_REQUIRED ACTION_. Only certain lines below are wanted: those starting at the line containing "Communication clipart organizational" and ending at the line containing "Photographie industrielle et", both included, each retyped exactly.

_SUPPLIED ENTRIES_.
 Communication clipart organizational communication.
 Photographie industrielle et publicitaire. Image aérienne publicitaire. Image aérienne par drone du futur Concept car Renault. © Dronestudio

* * *

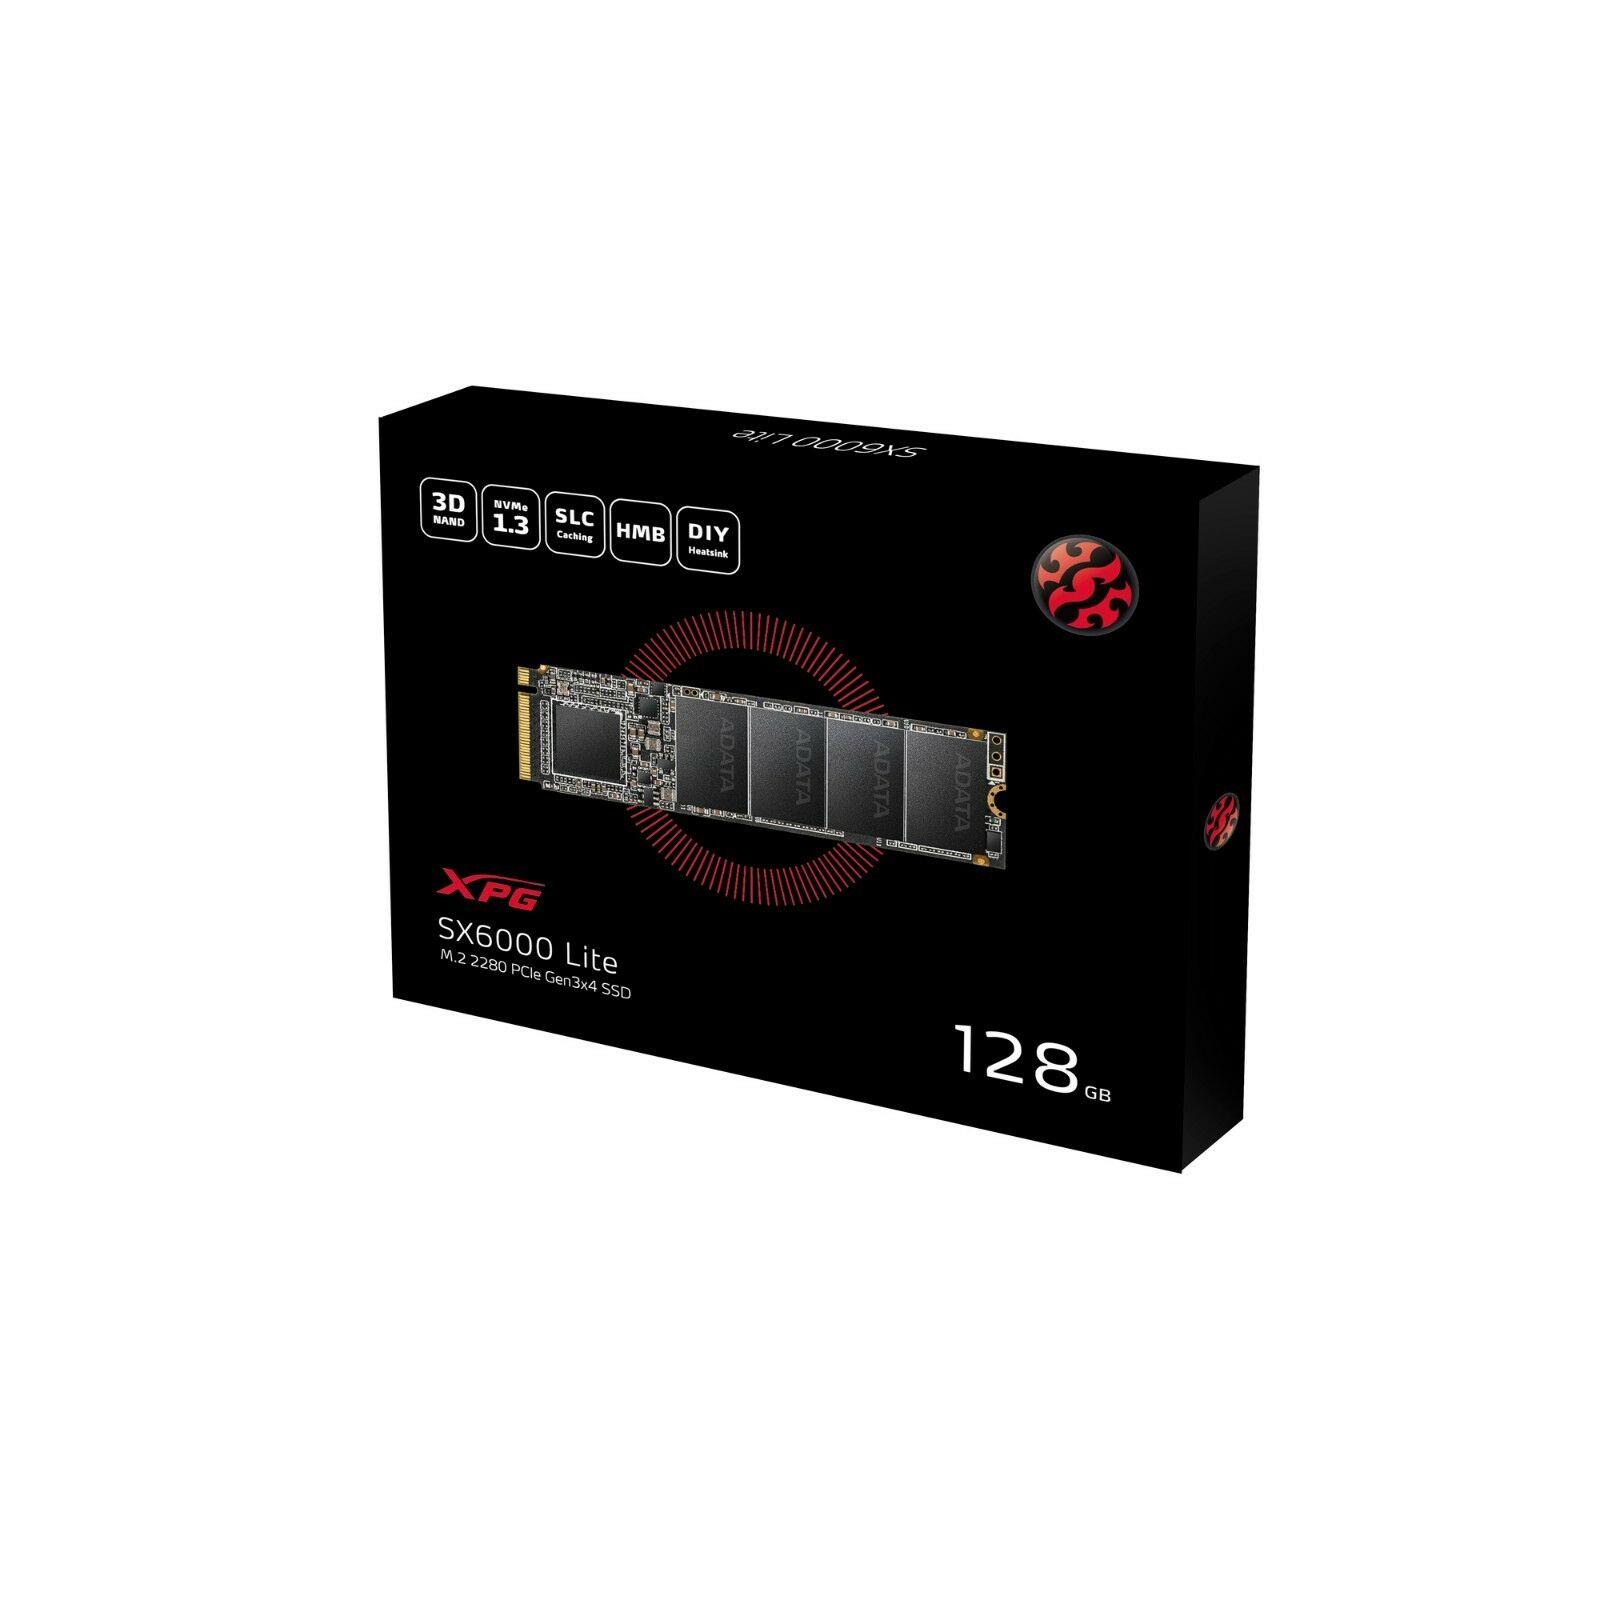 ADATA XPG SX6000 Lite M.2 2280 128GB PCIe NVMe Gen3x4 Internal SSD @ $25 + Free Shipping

_OUTPUT FOR THIS TASK_.
 Communication clipart organizational communication.
 Photographie industrielle et publicitaire. Image aérienne publicitaire. Image aérienne par drone du futur Concept car Renault. © Dronestudio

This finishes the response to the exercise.